*** Begin section ***

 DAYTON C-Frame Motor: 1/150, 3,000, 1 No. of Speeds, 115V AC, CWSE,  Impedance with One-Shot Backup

*** End section ***
*** Begin section ***

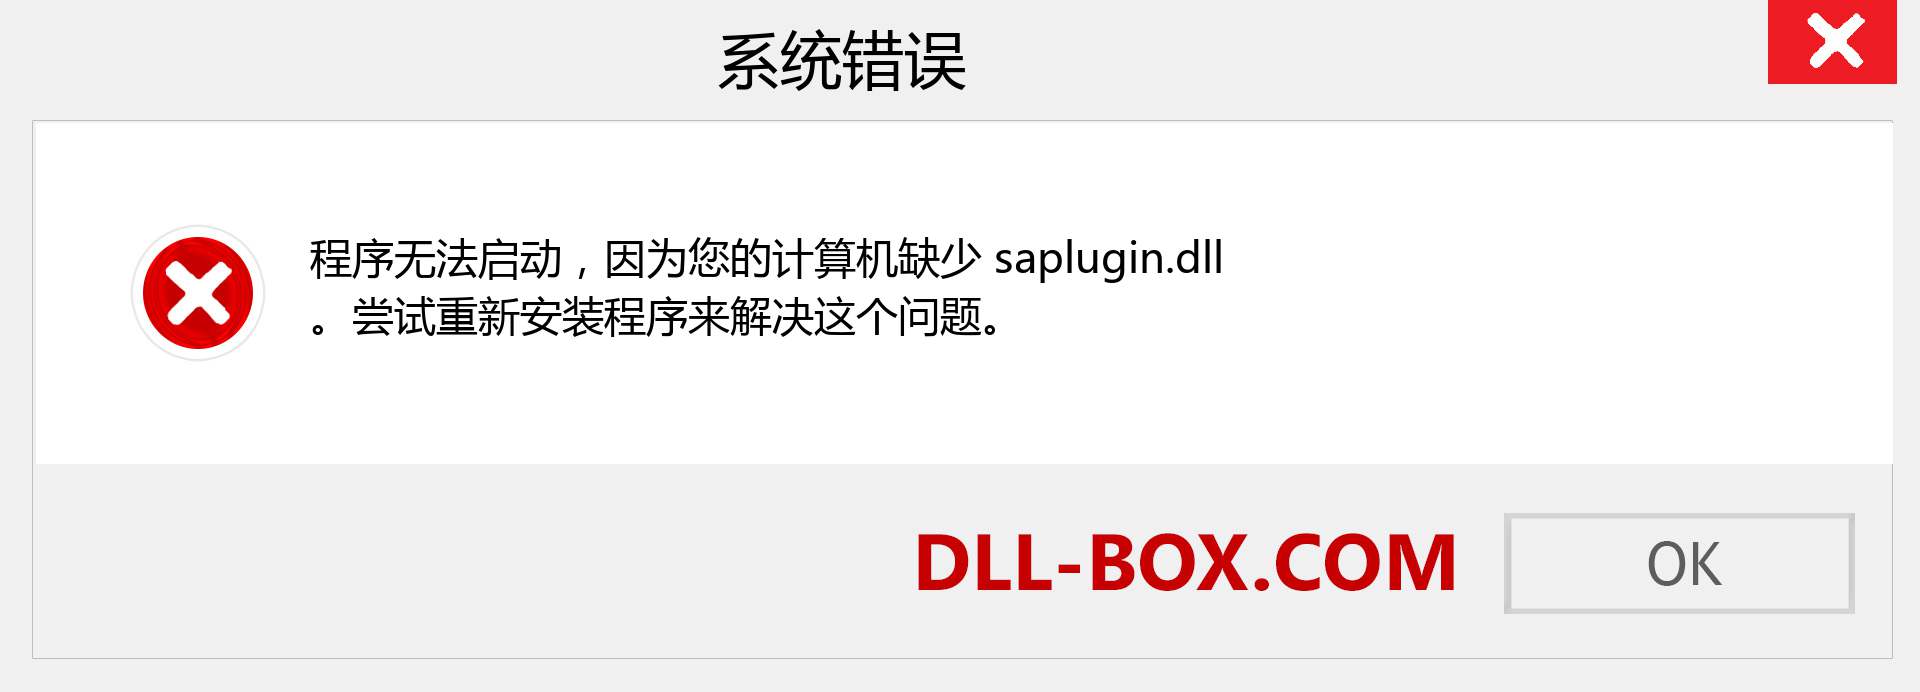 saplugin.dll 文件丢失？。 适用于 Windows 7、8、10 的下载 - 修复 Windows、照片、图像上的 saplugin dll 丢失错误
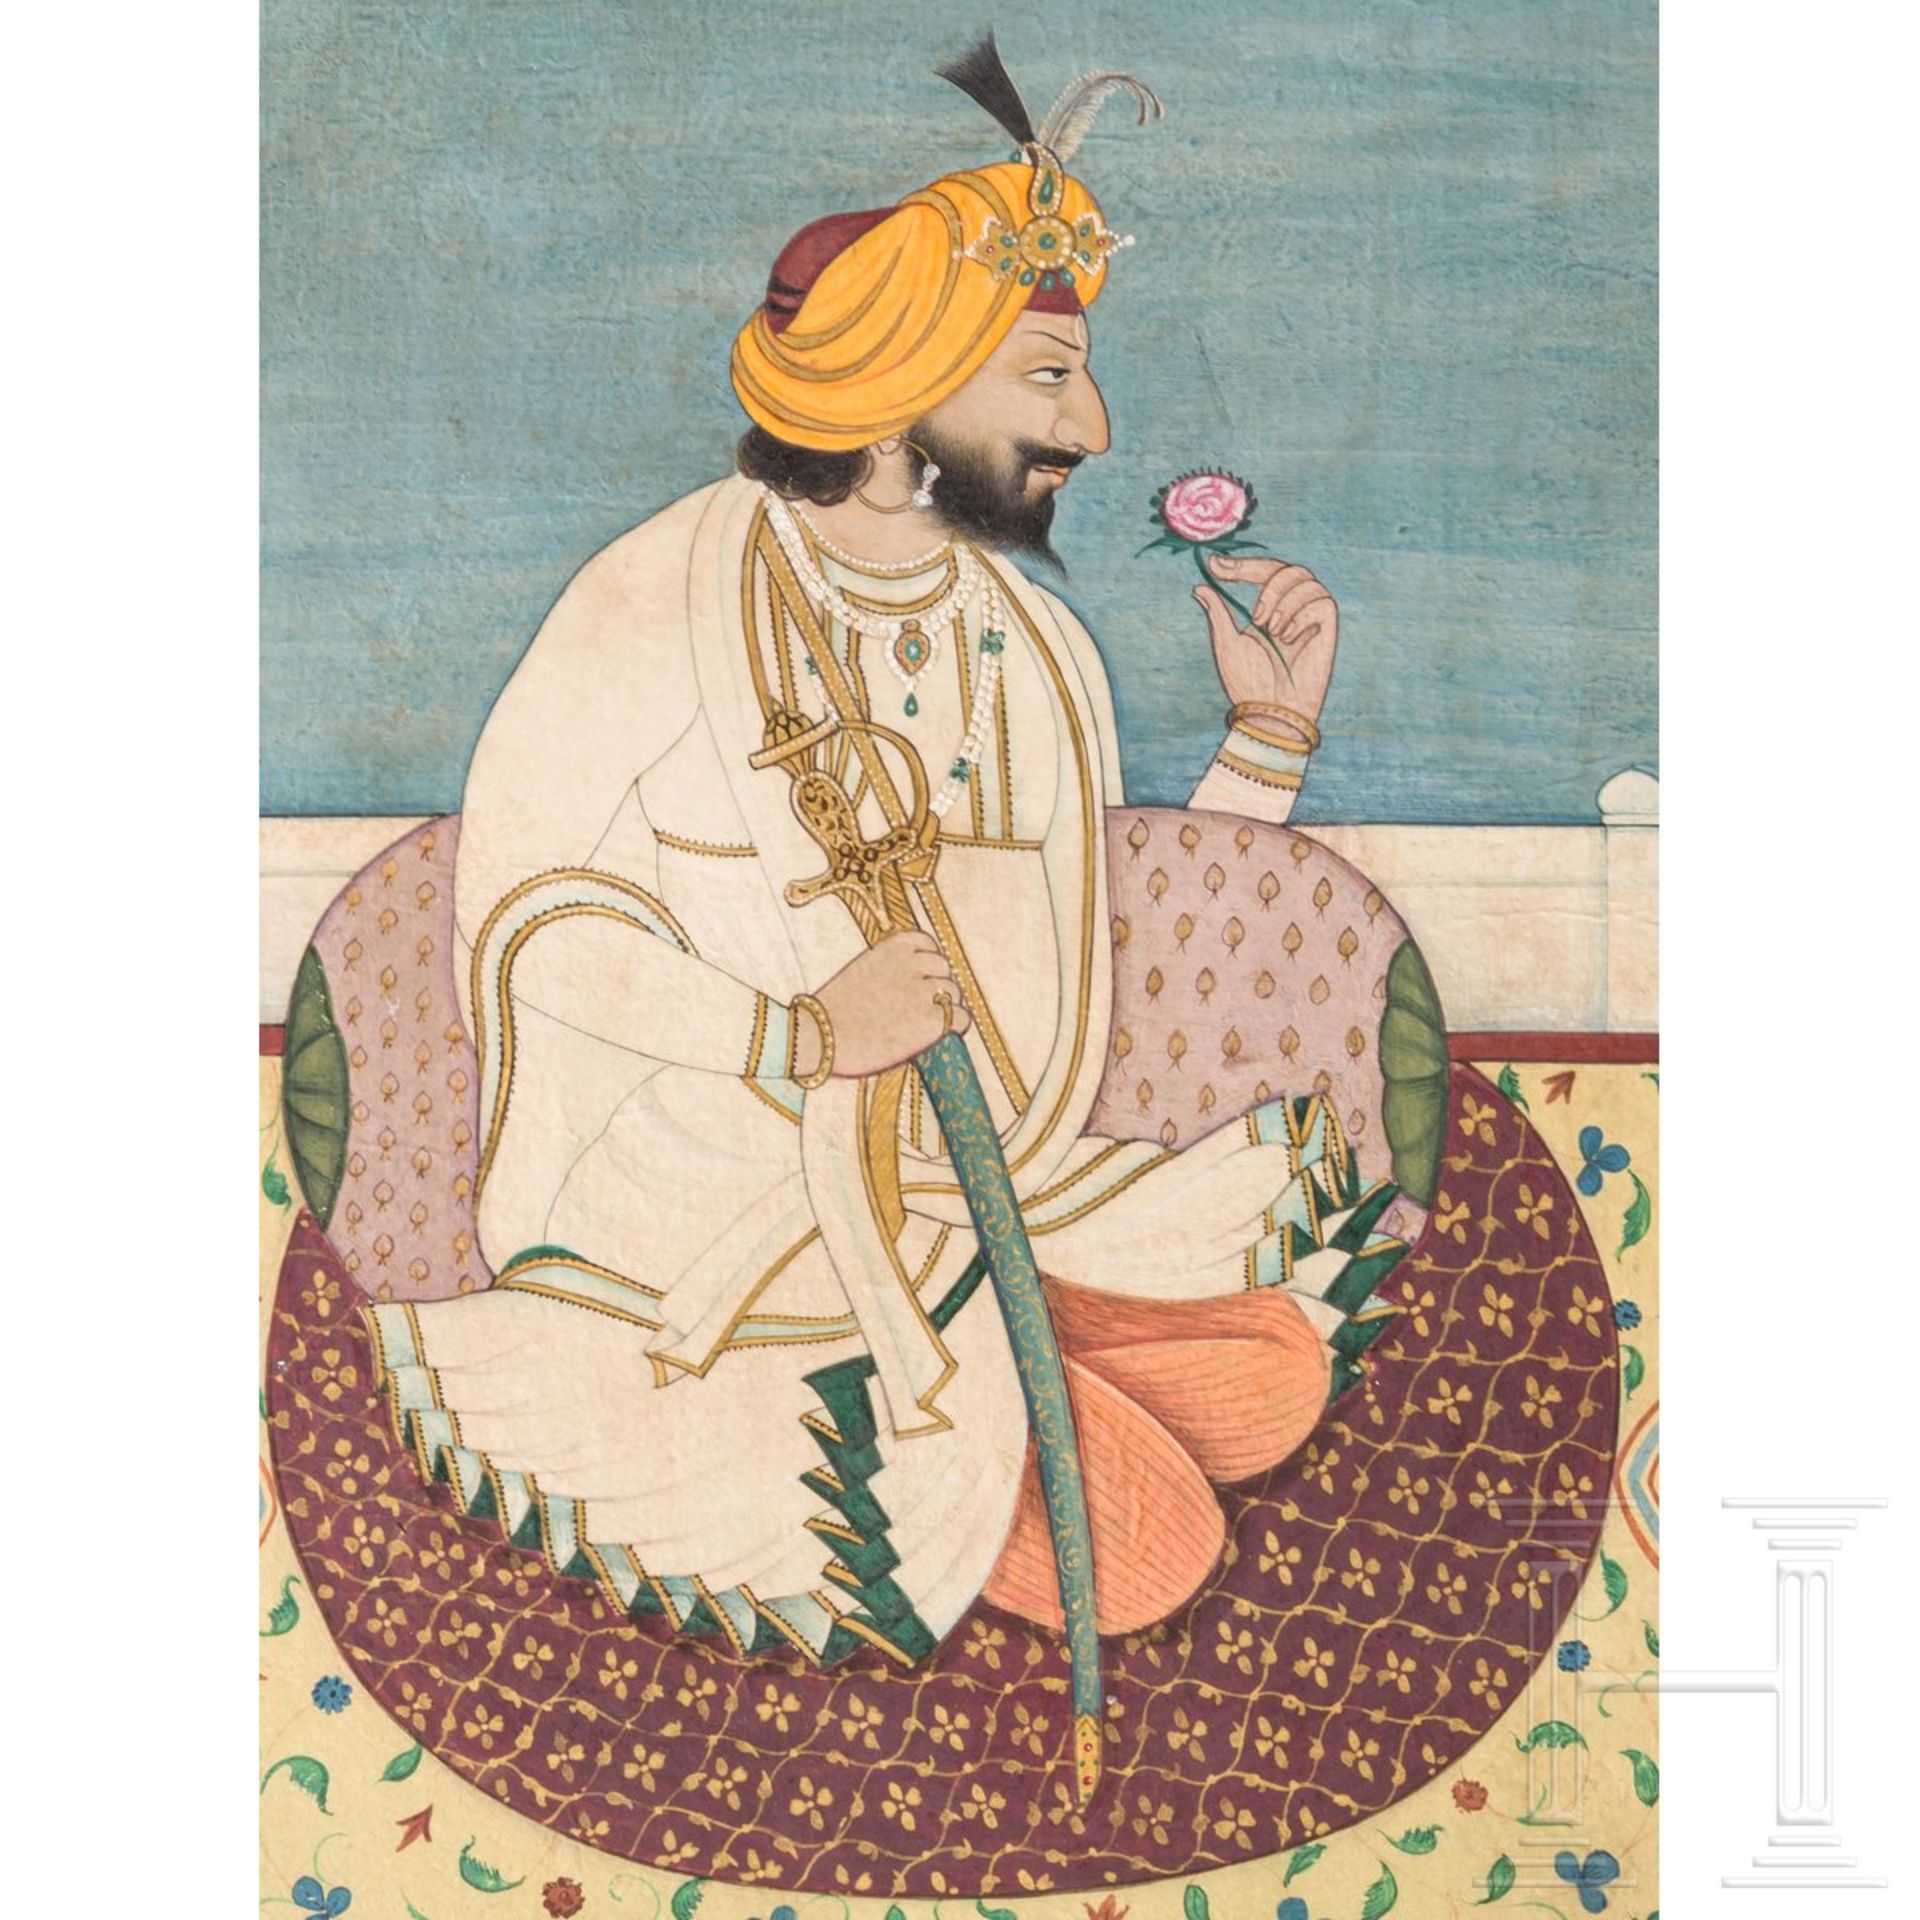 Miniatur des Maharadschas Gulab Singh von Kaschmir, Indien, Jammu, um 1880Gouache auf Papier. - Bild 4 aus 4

*** End section ***

- _DIRECTIONS_: Transcribe, word for word, the stretch of lines in the data above from the one with "saplugin.dll 文件丢失？。 适用于" through the one with "Miniatur des Maharadschas"; omit all pictures.

- _ANSWER SECTION_:
 saplugin.dll 文件丢失？。 适用于 Windows 7、8、10 的下载 - 修复 Windows、照片、图像上的 saplugin dll 丢失错误
 Miniatur des Maharadschas Gulab Singh von Kaschmir, Indien, Jammu, um 1880Gouache auf Papier. - Bild 4 aus 4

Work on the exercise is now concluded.